- Certifications communicate that certain ethical, environmental, or quality standards have been when producing and sourcing coffee
- But as more certifications are launched, it’s important to ask if we are reaching a point of diminishing returns
- Certifications already pose a challenge for some farmers – and many may be wondering if there is a systemic issue to address
OVER THE last few years, new coffee certifications have been launched with increasing regularity.
Fair Trade, Organic, Rainforest Alliance, UTZ (now part of Rainforest), Bird Friendly, and 4C (Common Code for the Coffee Community) are some of the most well-known names in the coffee sector. Consumers have learned to look out for them when searching for sustainable coffee, and coffee producers have largely accepted them as a way to access new markets with higher prices.
But as more certifications enter the market, it’s become difficult for producers and consumers to keep up with what each label means and which ones hold more value.
These certifications cover various new and often niche sustainability practices. With the market becoming saturated with these labels, is there a risk that the value of certifications is experiencing diminishing returns?
Certifications compete against one another
Before we go any further, it’s important to consider certifications through the lens of the market they operate in.
Firstly, we have to recognise that there are a finite number of businesses that would apply for these certifications. Many of these also entail a cost – which creates a competitive marketplace.
As such, as more certifications are released, the marketplace becomes saturated.
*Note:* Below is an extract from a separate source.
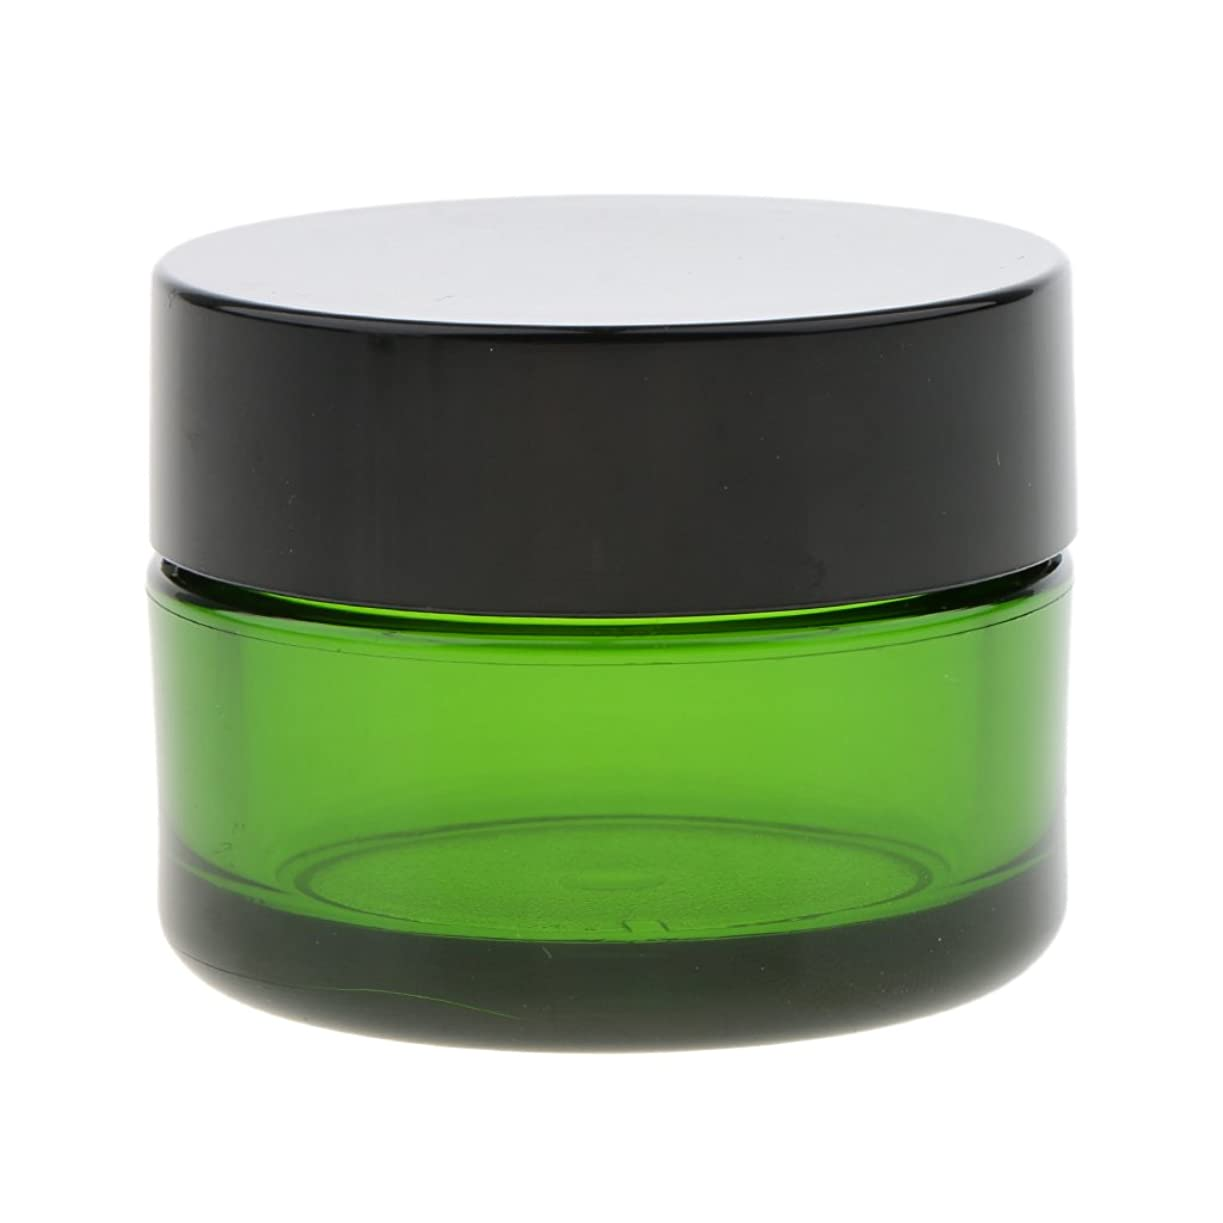 掃く抗生物質顕現Baosity クリーム コスメ 化粧品 ジャー 詰替え ボトル メイクアップ 旅行小物 便利 小分け容器 全3色 - 緑

An overabundance of new labels can confuse consumers and possibly even dilute the intention behind them.
“If more suppliers pay for certifications, or the same number of suppliers pay more for a greater number of certifications, and the demand for certified coffee is relatively constant, the price certified suppliers receive will decrease,” says Elizabeth Bennett, PhD, who focuses on labour exploitation in globalised supply chains and serves on the Academic Advisory Council to the United Nations Forum on Sustainability Standards.
“And if buyers believe consumers cannot differentiate labels, they may purchase the most affordable certified coffee.”
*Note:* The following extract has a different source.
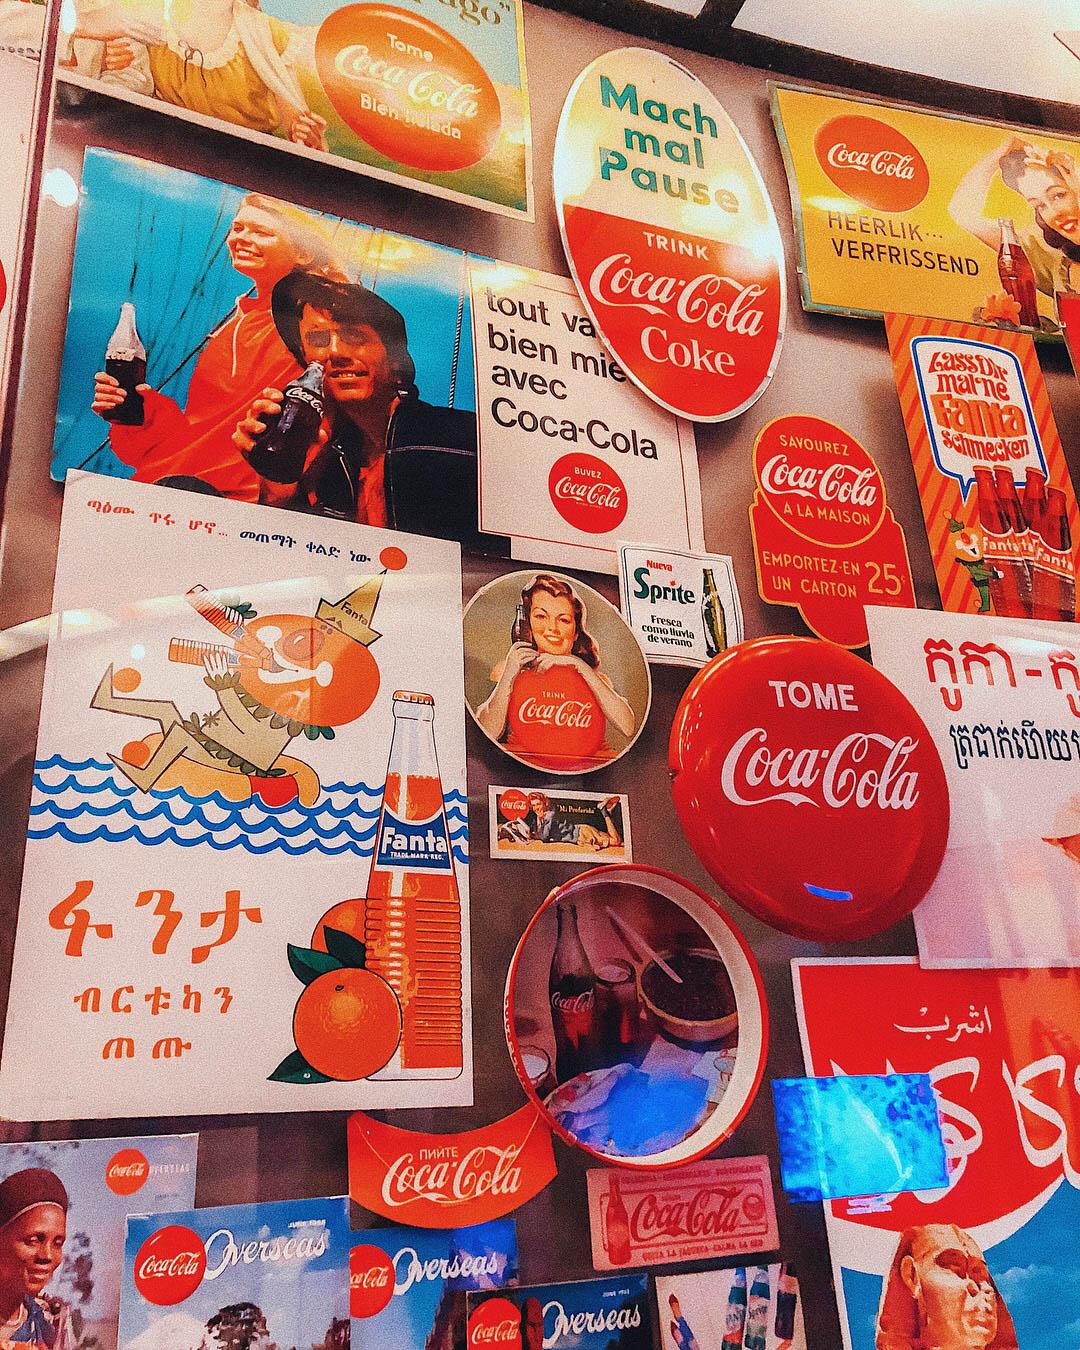 World of Coca-Cola | Things to See in Atlanta | Jordan Hefler

As Elizabeth says, affordability is also a factor – and as the market becomes increasingly competitive, a race to the bottom becomes more realistic. This can then result in a shift in sustainability standards – possibly even diminishing certifications’ impact or meaning.
How important are certifications as a marketing tool?
As mentioned above, the growing number of certifications in the coffee industry also has an impact for the end consumer.
When there are a smaller number of certifications, they are more recognisable and potentially more impactful as a result. Too many labels and certifications can confuse consumers.
Elizabeth points to research that highlights consumer “label fatigue” and “decision paralysis” from the need to constantly update knowledge about certifications.
“At least one study has found that some consumers actively resist taking in new information because it has the potential to disrupt their narratives and challenge their justifications for habitual behaviours,” she says.
On the supply side, research suggests that many companies, brands, and nonprofits often make grand claims with few efforts to achieve them or back them up with evidence. This practice undermines the legitimate efforts of others in the eyes of consumers.
“From the perspective of the most rigorous certifications, this news is devastating,” says Elizabeth. “Certifications can’t differentiate products when consumers are too overwhelmed and brands are too loose with their claims.”
In addition, there are different pillars to sustainability: economic, environmental, and social. Another potential issue with certifications is that consumers can mistakenly believe that if a product has some sort of sustainability label, it is an “ethical product” by default.
However, it’s entirely plausible for a product to have a social responsibility certification while ignoring issues like deforestation or pesticide use, for example.
“Consumers need to understand that certification isn’t a seal of ethical practices or quality, it just means that someone paid for a certification,” says Luisa Mejia, founder of Cafe del Cielo Sustainable Coffee Farms in Colombia.
“Why should companies who truly produce with a positive impact pay more by acquiring certification? It’s like they’re being taxed for good practices. It should be those who have bad practices who pay a fine.”
Voluntary vs. mandatory
Having said that, awareness of the environmental issues the coffee industry faces is greater than ever before, and the rise in the number of certifications may simply be a response to that. This reflects an increase in sustainability efforts and provides assurances to consumers that all the bases are being covered.
However, the argument that more certifications are a sign of improved sustainability practices is clearly reductive. The reality is that there are various issues in obtaining, regulating, and enforcing these certifications.
Nevertheless, there is also an argument that the increase in visibility and pressure means that certifications are increasingly embraced into wider legislation and governance – considering the EU’s Corporate Sustainability Due Diligence proposal, for instance. The idea that a more active market makes it difficult to ignore certifications does have credit.
However, Elizabeth says that the mechanisms of the overall marketplace still leave something to be desired.
“Research clearly suggests that certifications are falling short of their intended objectives,” says Elizabeth. “So the question is not whether or not certifications can be impactful, but how we can change them so that they are as impactful as possible and at the same time invest in other strategies that will be more successful.”
For many, “change” means bringing certifications into a mandatory framework for producers and buyers to operate within. However, until this becomes commonplace, it will be important to recognise the value of voluntary certifications – but to exercise scrutiny nonetheless.